Riley flipped through the menu, closed it, and flipped through it again from the back cover. “Did you actually see something on the camera?”
Apparently, I was never going to get used to the involuntary tremble that shot through my entire body whenever Riley mentioned a ghost. Madame Lucia never reacted with such fear in her parlour. She was always stout and stalwart, confident in her ability to control whatever spirits passed through that apartment. None of it was real, of course, but why should my attitude toward the spiritual world change now? I needed Madame Lucia’s confidence more than ever.
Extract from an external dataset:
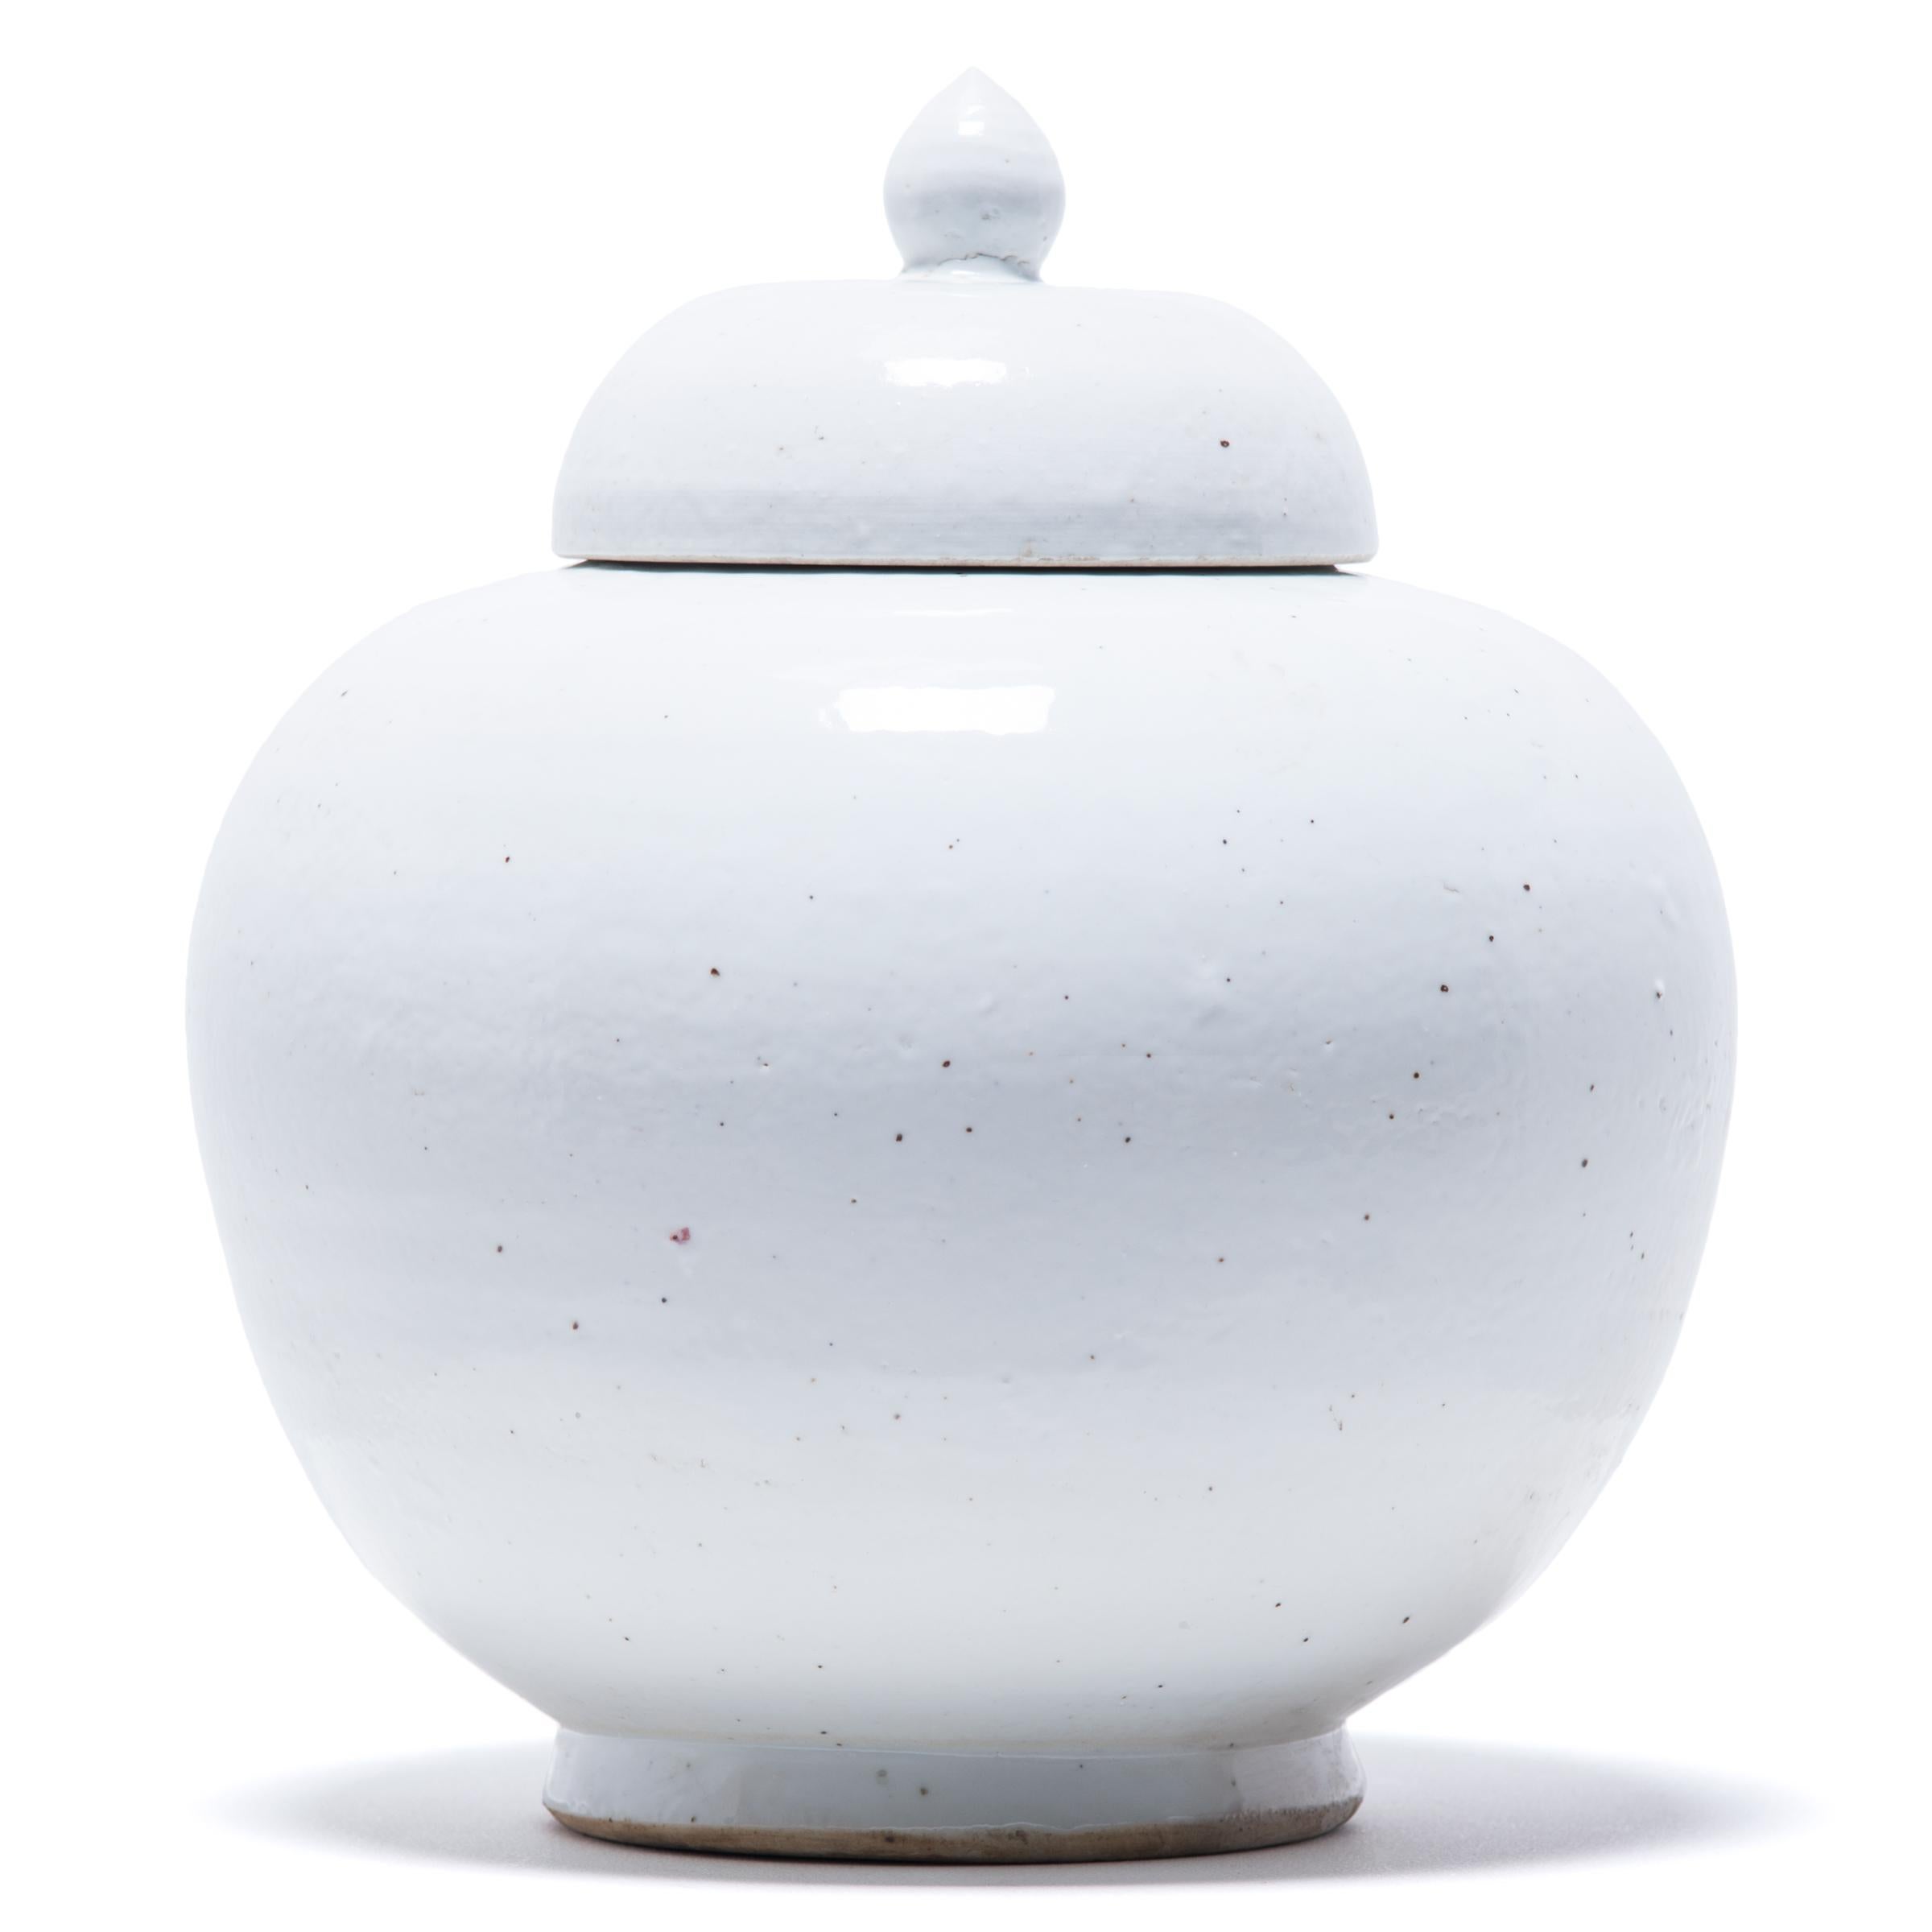 A milky white glaze emphasizes the sculptural form of this contemporary update on a Chinese classic. Refining the traditional onion shape, the lidded jar’s monochromatic look draws attention to its clean lines and subtle graduated curves.

“I keep trying to work it out in my head,” I said, keeping my voice low though Karli was the only other person in the bar. “How that mug could have lifted off the table on its own or how the vase fell off the shelf my first night here. The feeling I get sometimes late at night. I keep thinking there has to be a reasonable, scientific explanation for it or that my mind is screwing with me.”
“I thought that too at first,” Riley said. “But what are the odds that the two of us are having a conjoined mental breakdown?”
“I don’t know. What are they?” I asked. “We’re both cooped up in this resort. No one’s around. We only have each other for company. Cabin fever is a real thing. People have been known to hallucinate—”
“I’m not hallucinating,” Riley snapped.
“I didn’t say you were,” I said. “I’m sorry. The last thing you need is another person insinuating that you’re crazy. I know you’re not. I just meant that maybe this place is messing with our heads.”
Riley folded her cloth napkin into an origami swan and set it on top of the fake candle in the middle of the table. “You and I both know that’s not the case, but you have to admit it to yourself before we can do anything about it. You may not be the Madame Lucia from your YouTube videos, but you are something. Otherwise, you wouldn’t be able to feel that thing you were talking about. The prickle on your neck. I get that too. I told my dad about it, and he said it was goosebumps. No one else feels it. Just you and me. That’s gotta mean something, right?”